The data START
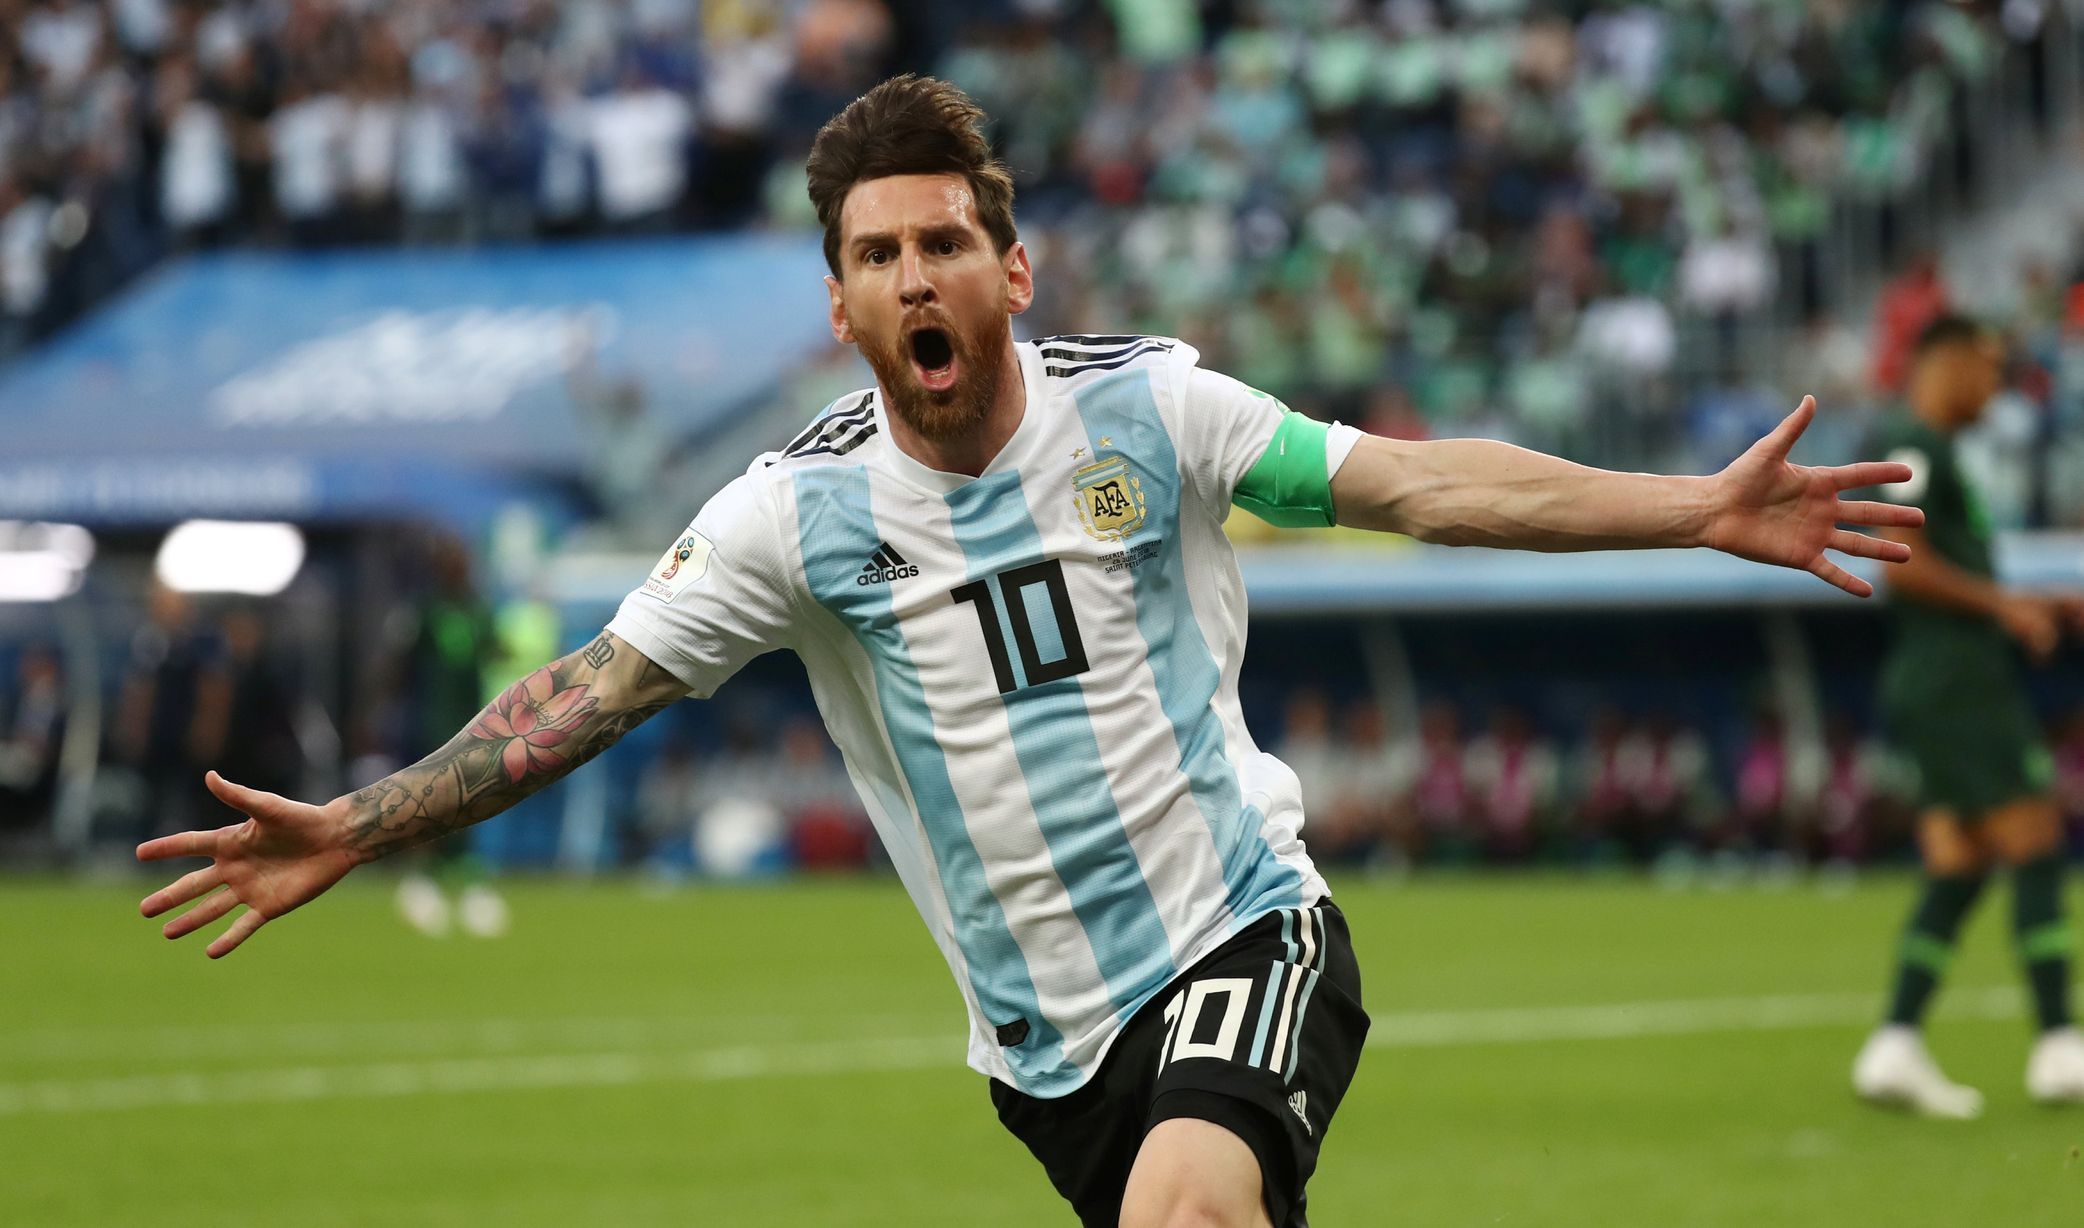 MS ve fotbale 2018: Messi slaví gól proti Nigérii
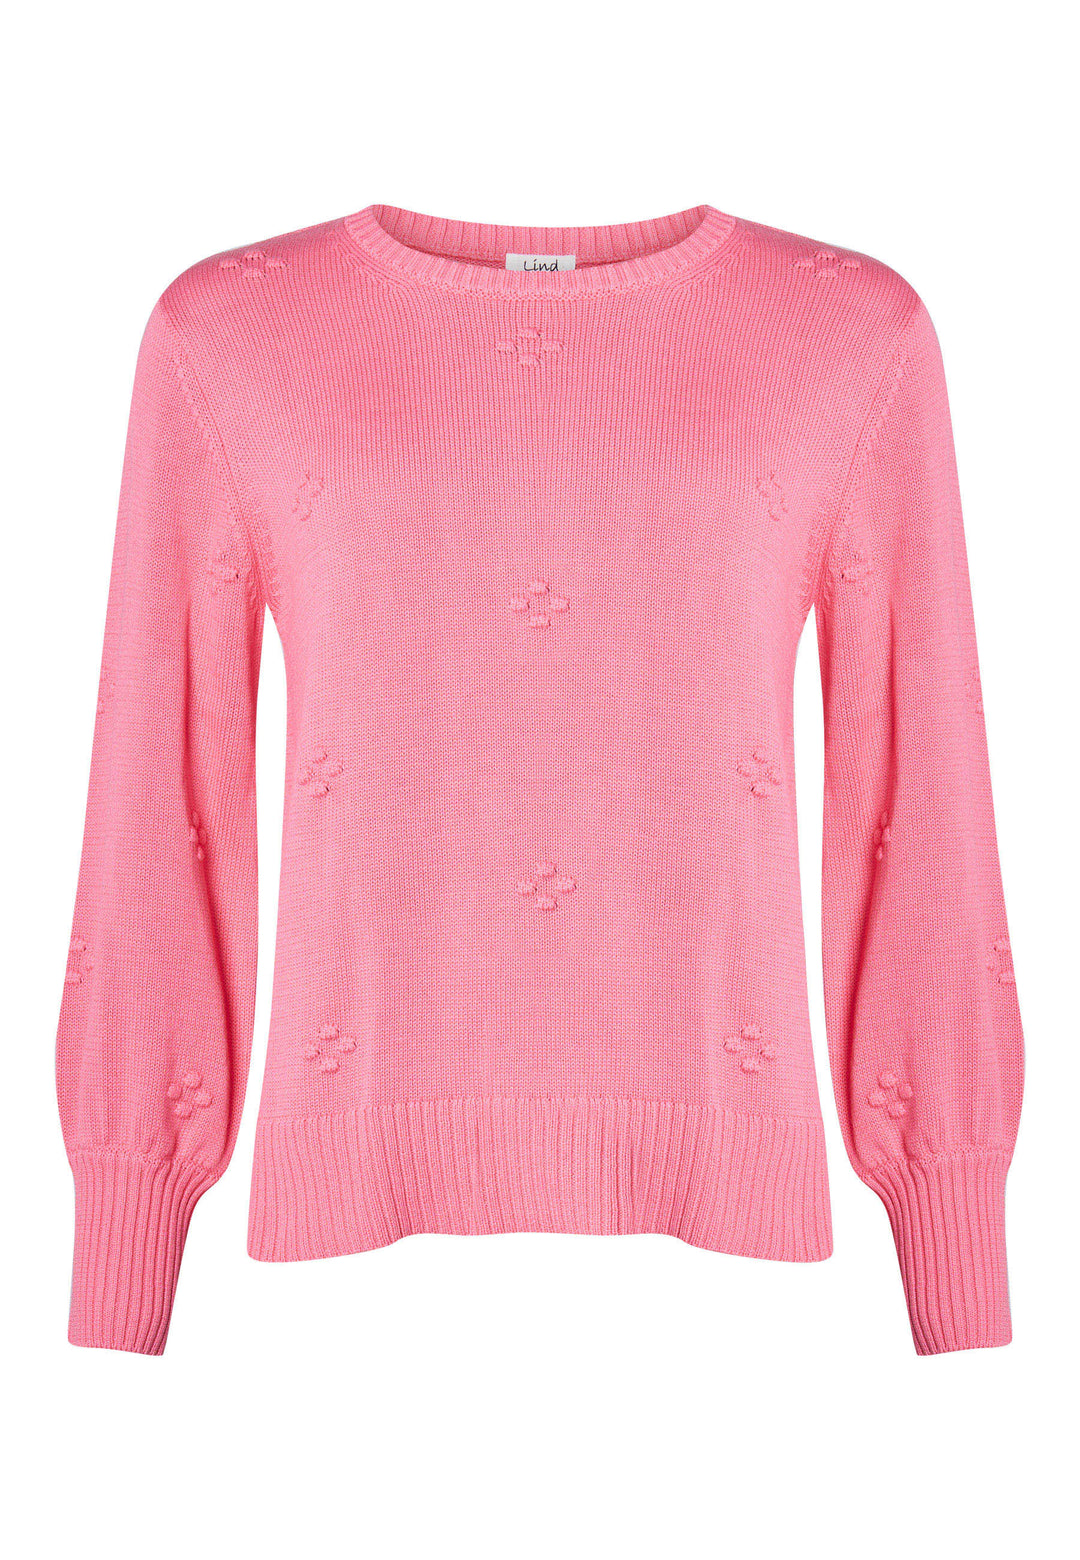 Lind LICamma Knit Pullover 6400 Sorbet Pink
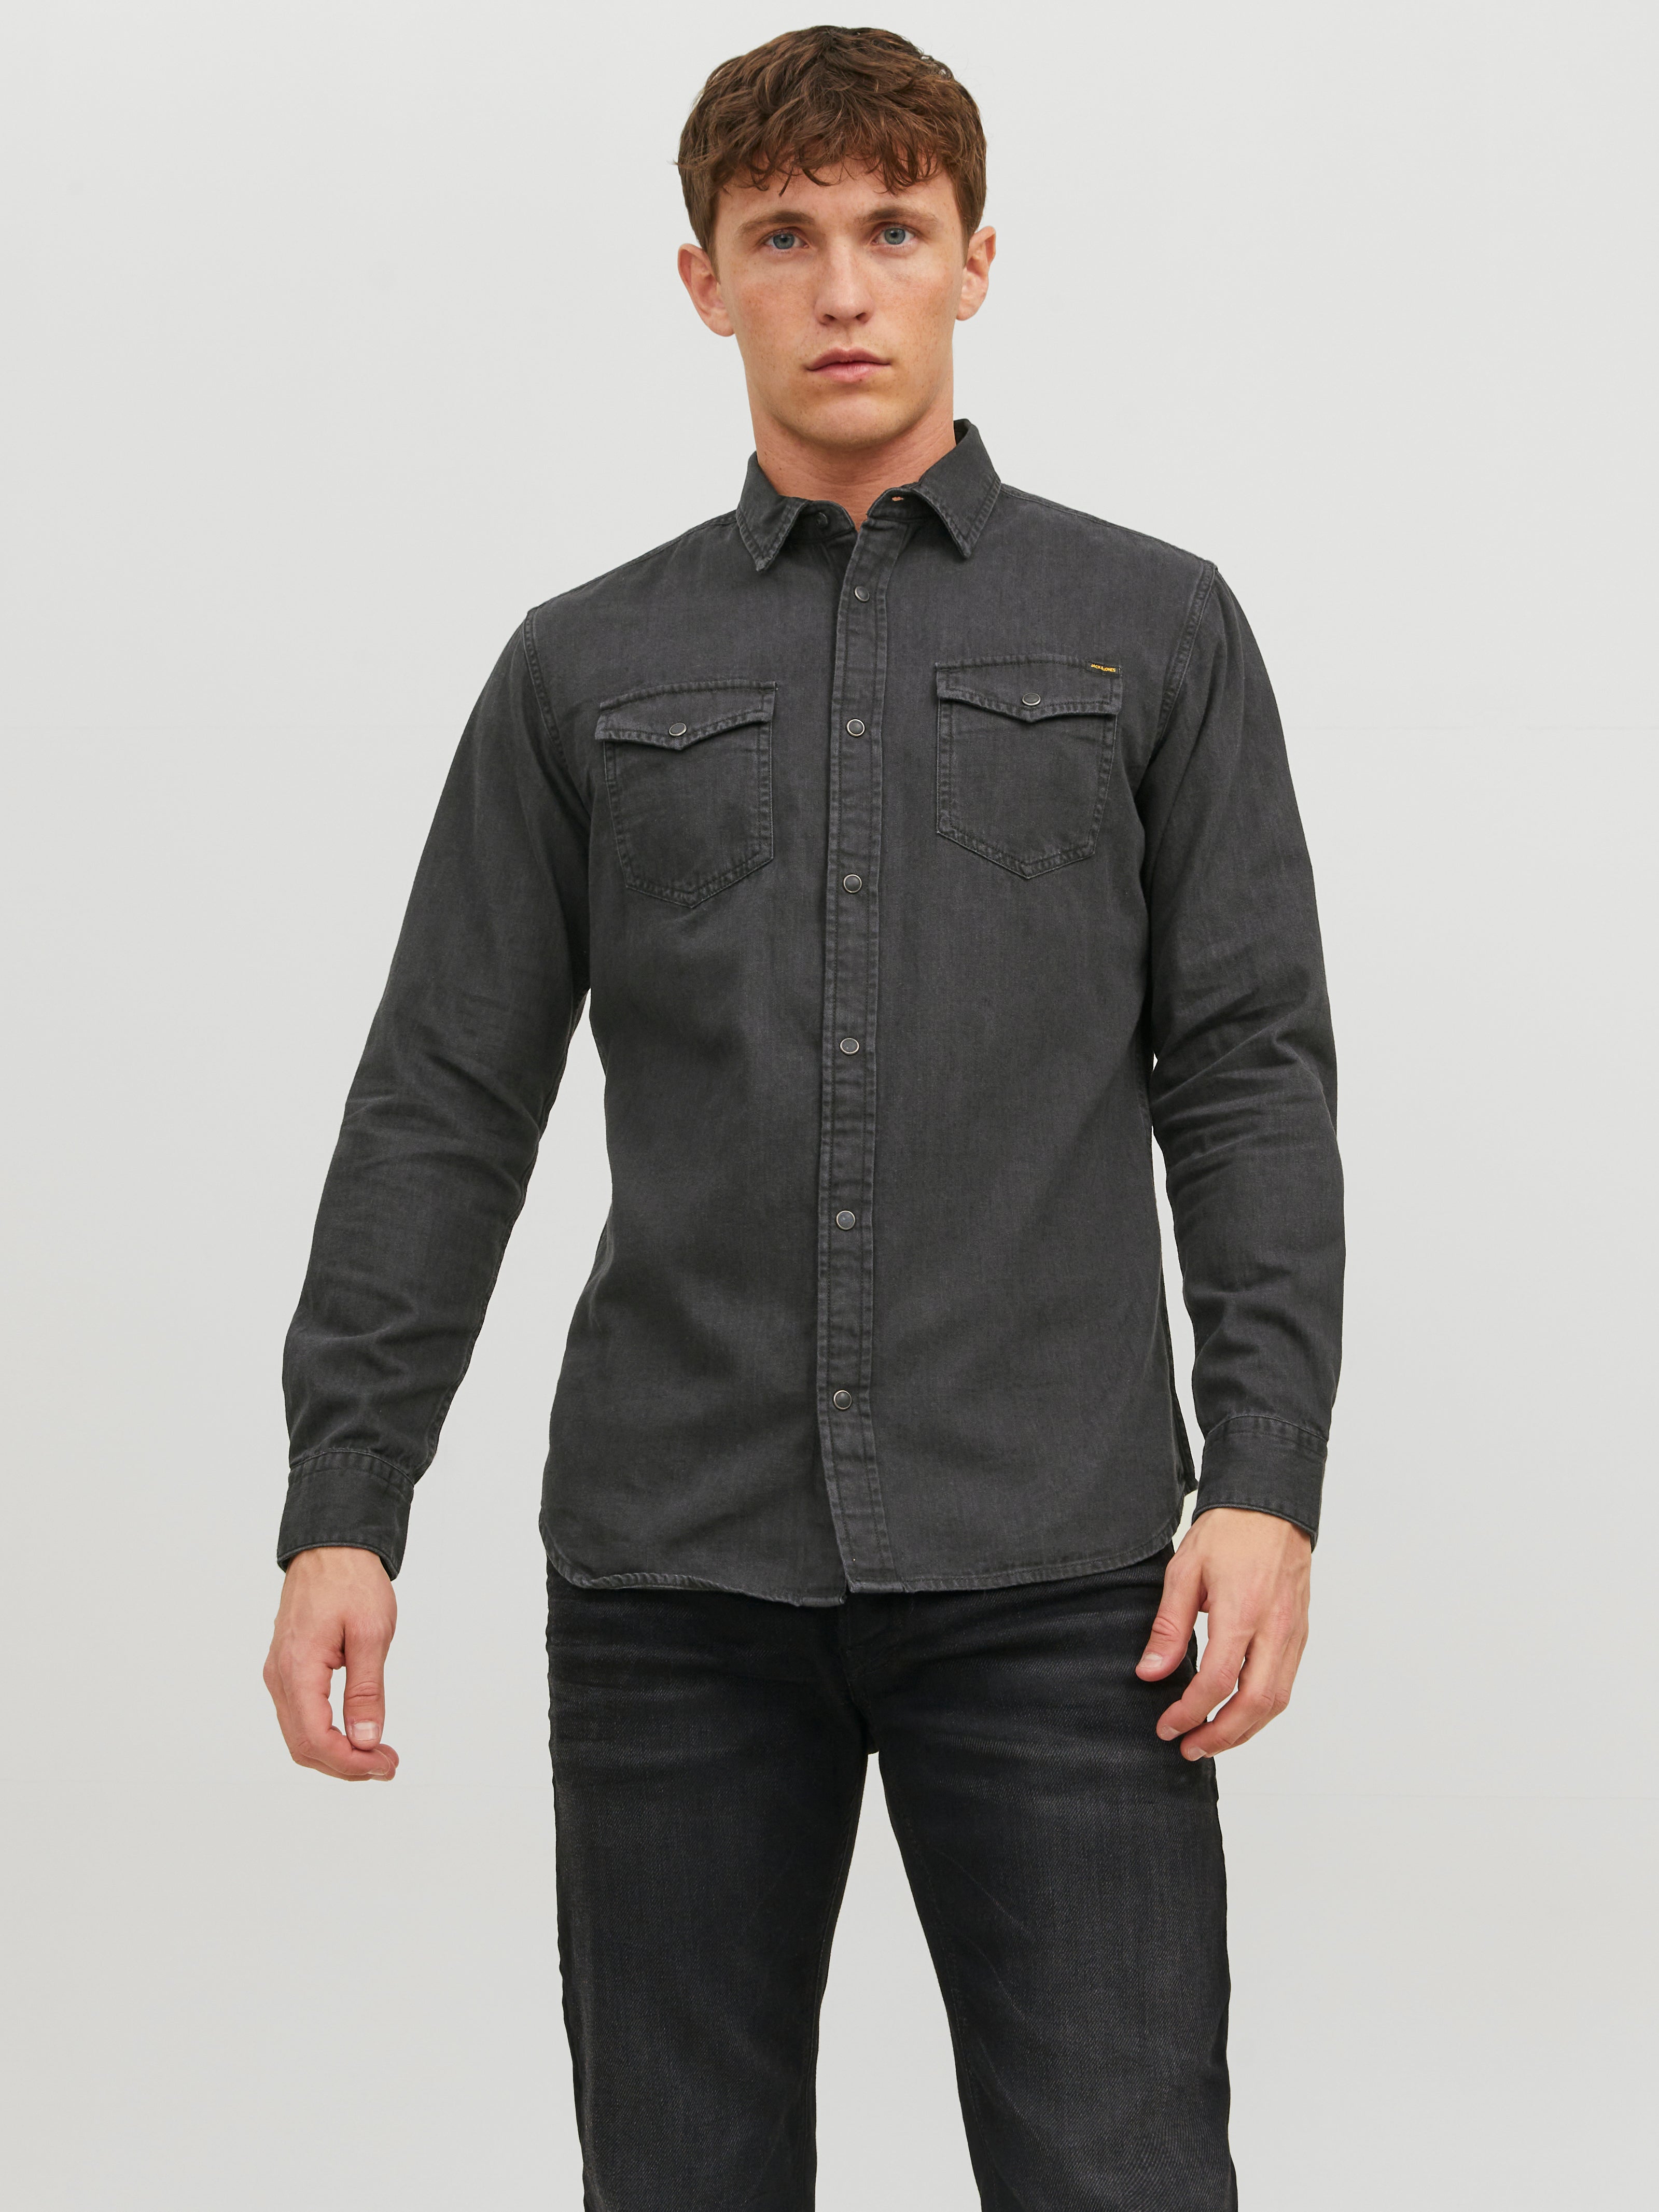 Buy Black Denim Full Sleeves Shirt for Men
The data END
#### What you will do:
Pictures stay out; everything else in the listing above gets repeated exactly.

#### Finished exercise:
 MS ve fotbale 2018: Messi slaví gól proti Nigérii
 Lind LICamma Knit Pullover 6400 Sorbet Pink
 Buy Black Denim Full Sleeves Shirt for Men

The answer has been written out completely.